Exercise prompt :: Only the pictures are to be left out; please reproduce everything else in the data exactly.

Supplied data ::
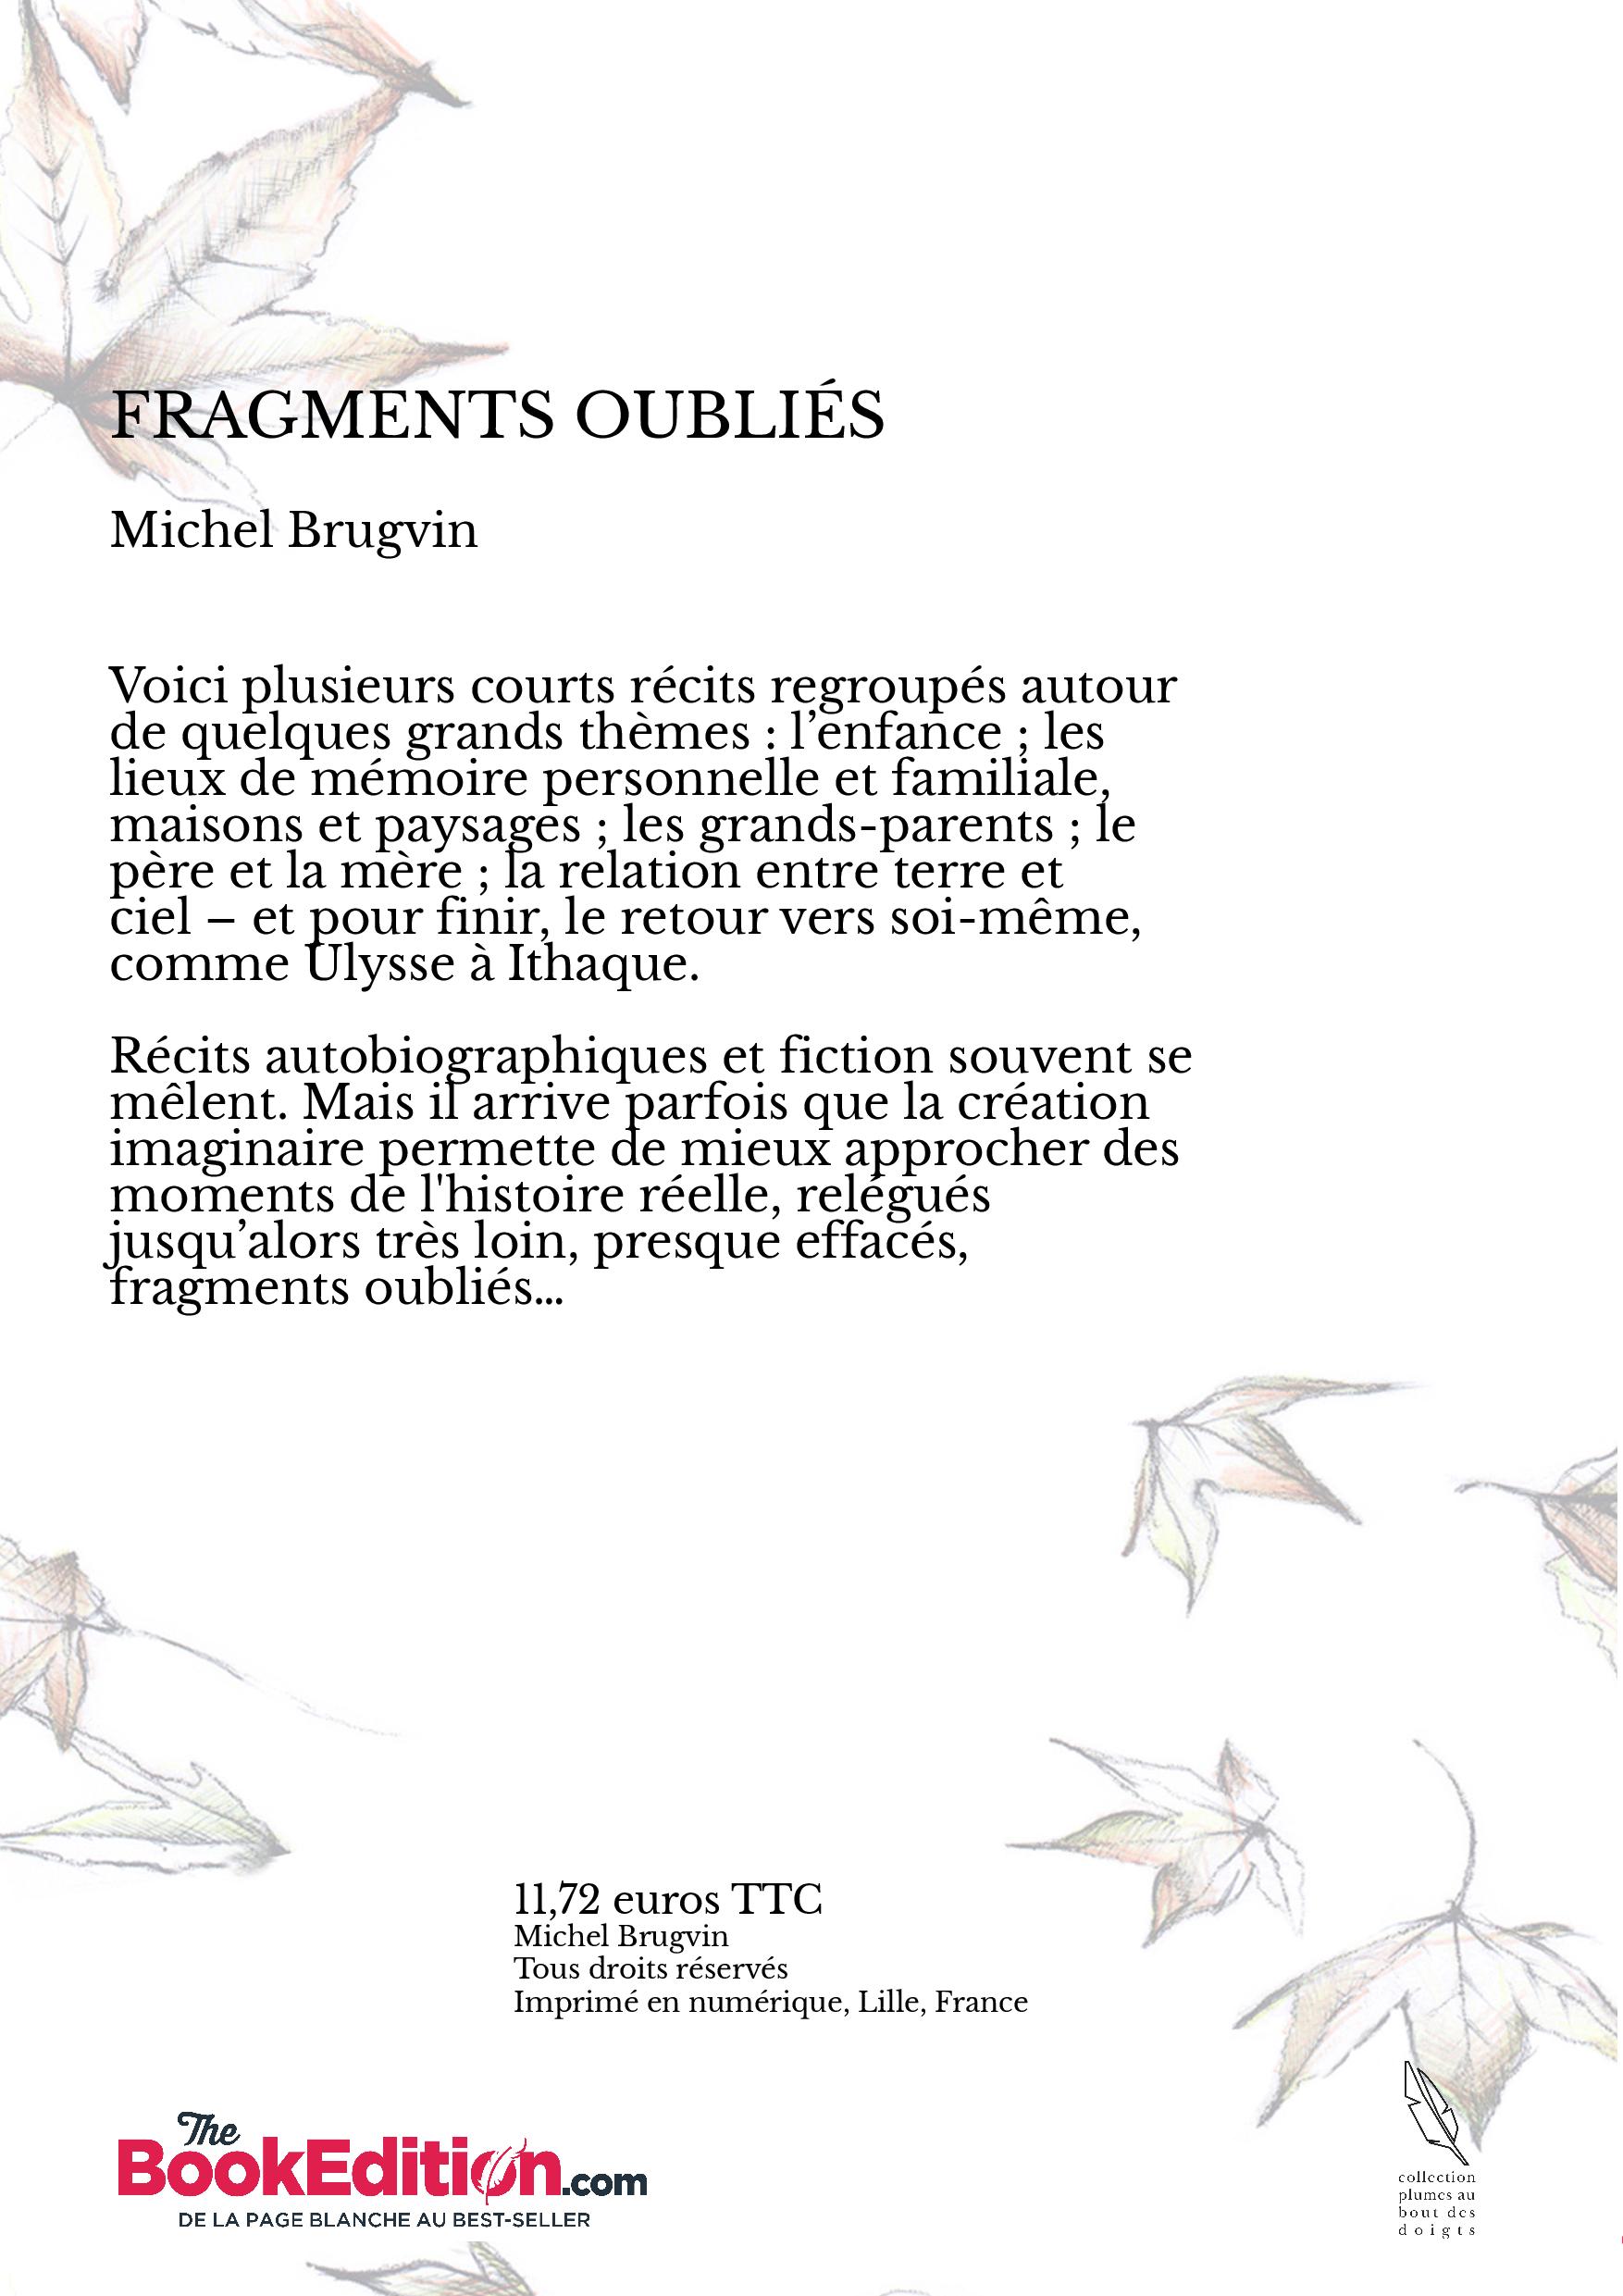 Fragments oubli s michel brugvin - Effroyables jardins michel quint resume complet ...
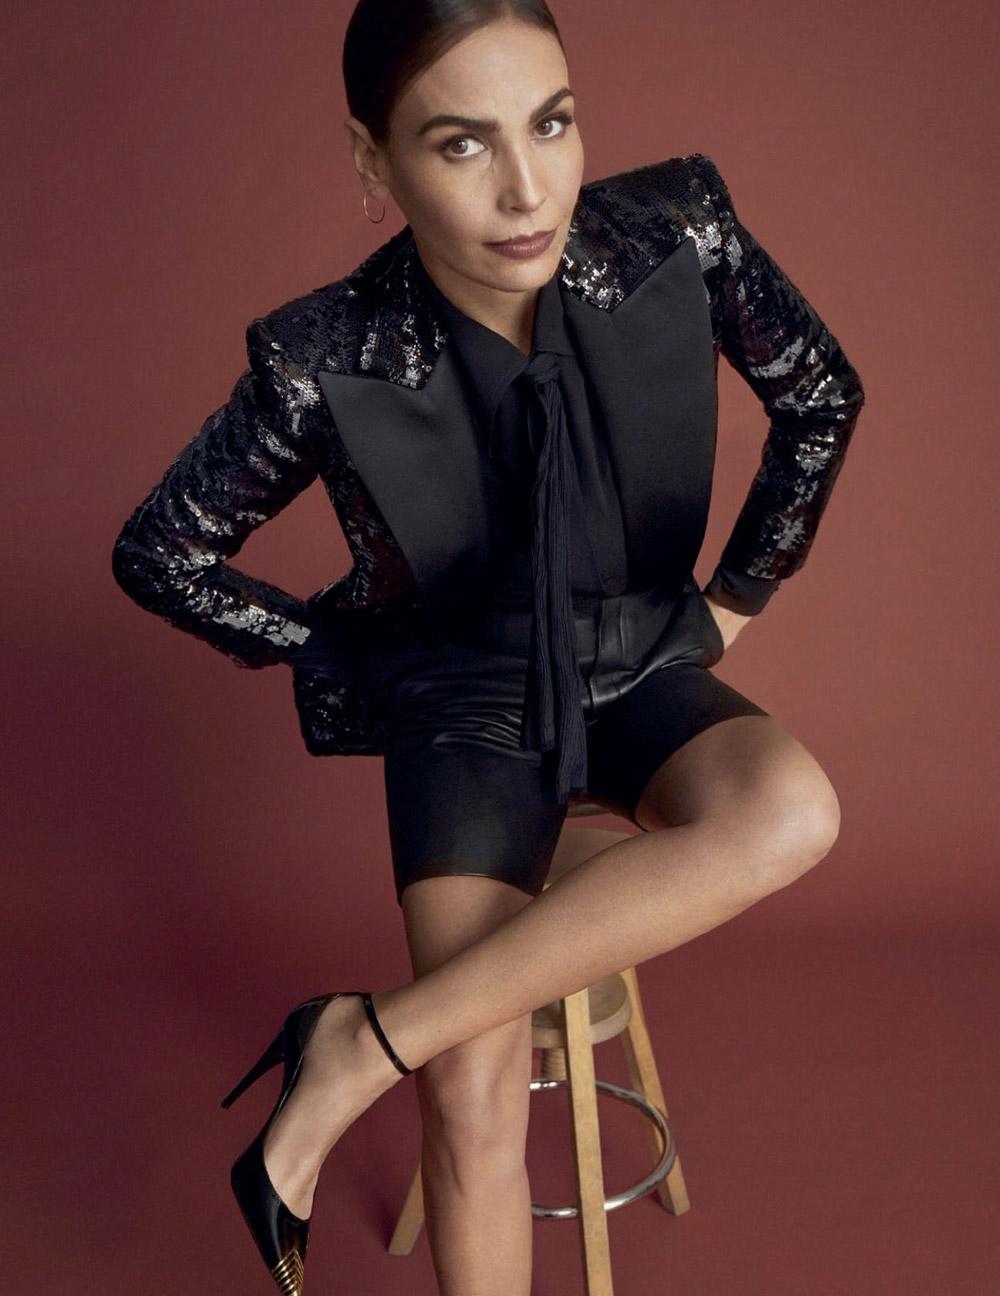 Inés Sastre covers Harper's Bazaar Spain May 2020 by Xavi Gordo
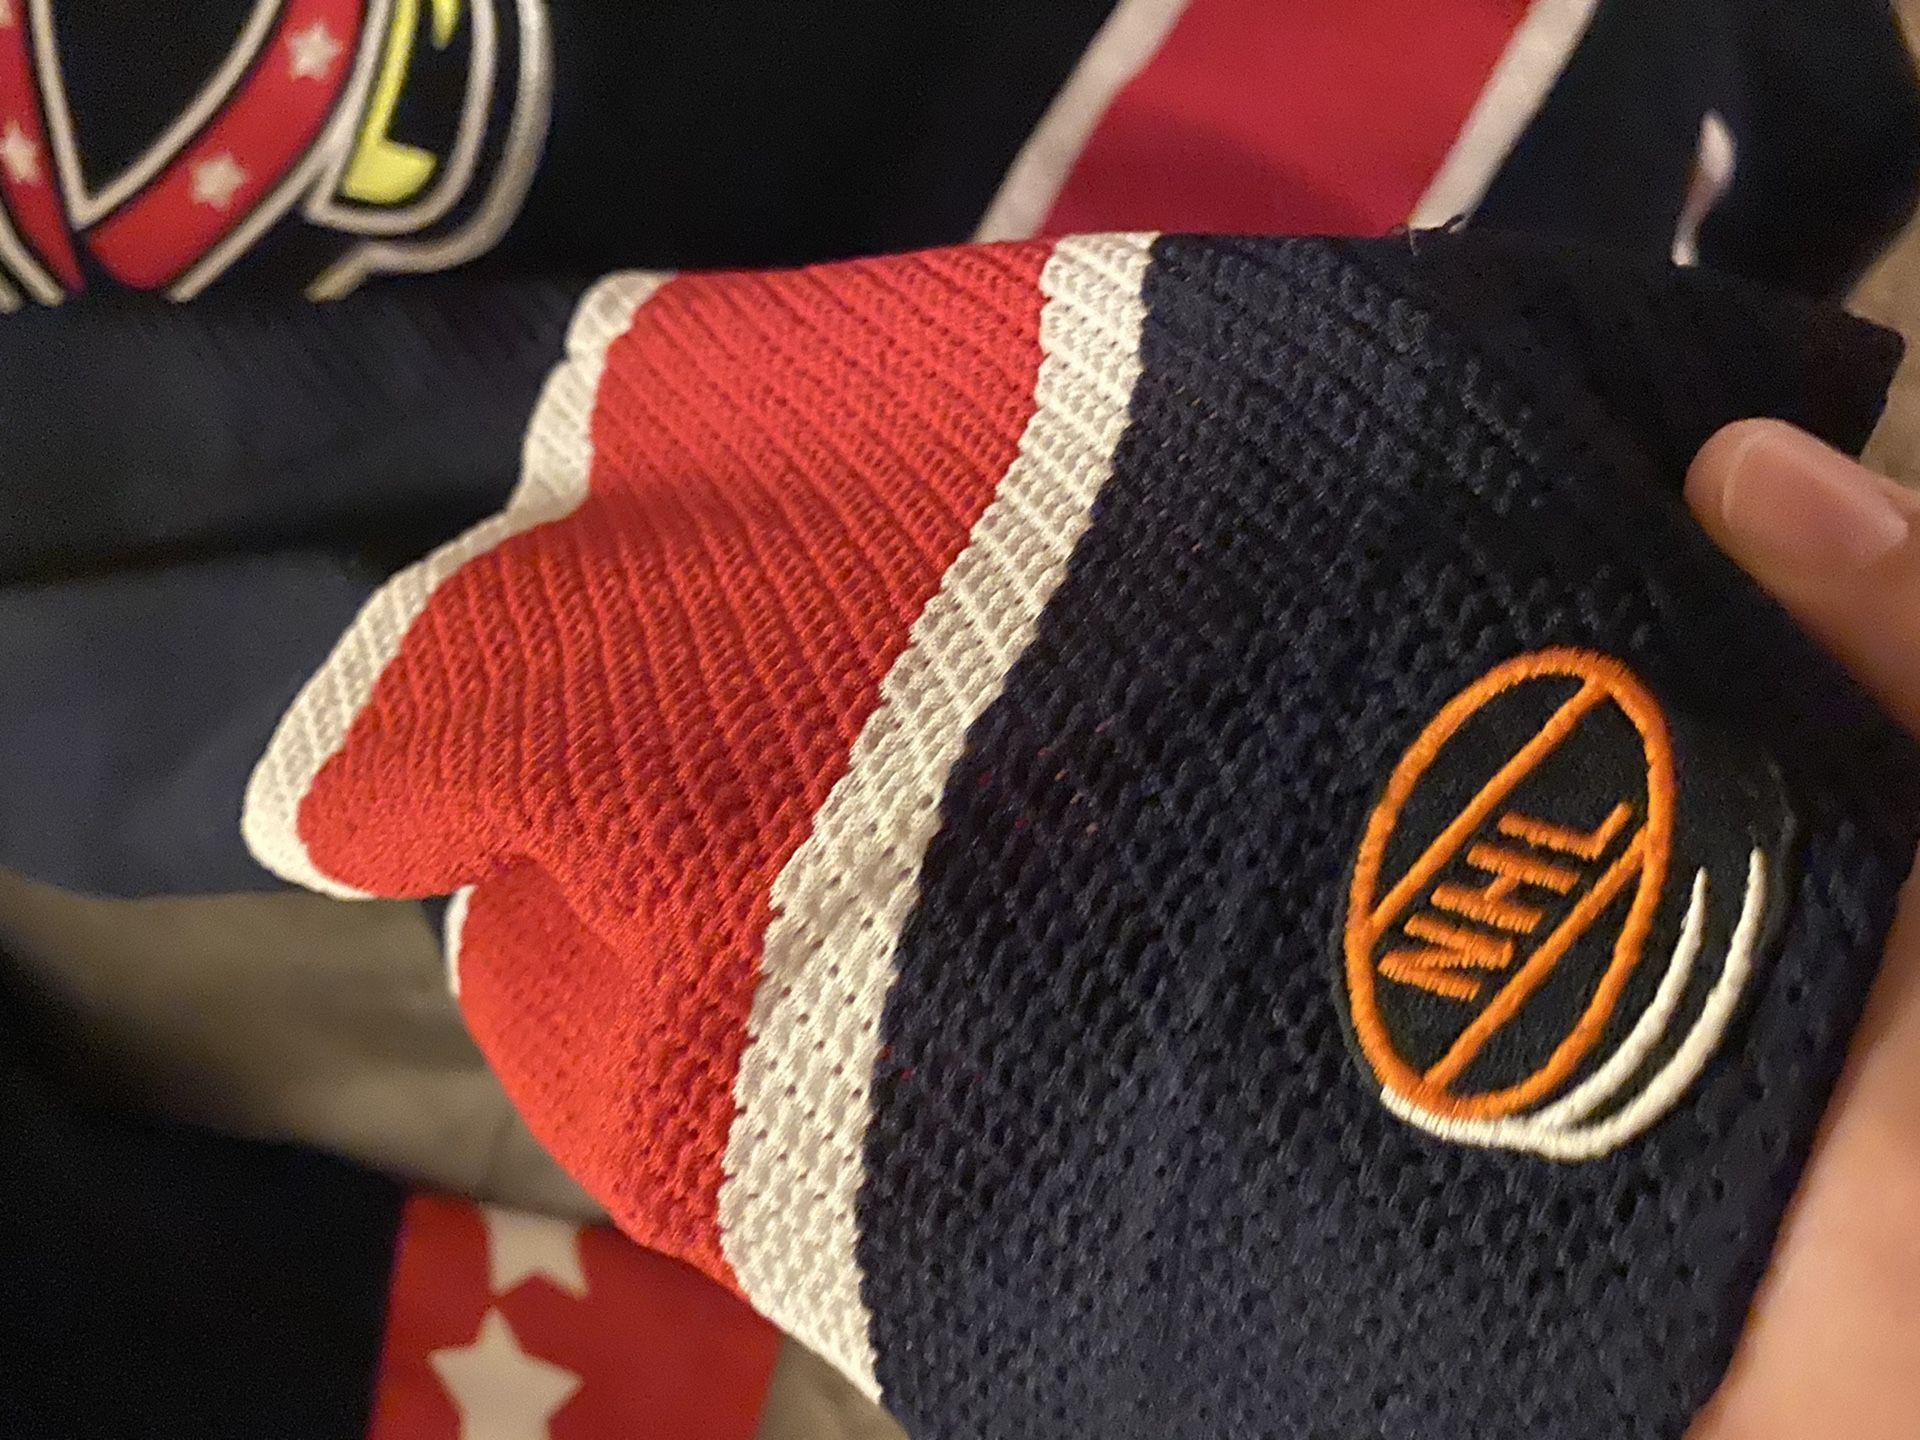 Columbus Blue Jackets jersey, size 2XL

Response box ::
 Fragments oubli s michel brugvin - Effroyables jardins michel quint resume complet ...
 Inés Sastre covers Harper's Bazaar Spain May 2020 by Xavi Gordo
 Columbus Blue Jackets jersey, size 2XL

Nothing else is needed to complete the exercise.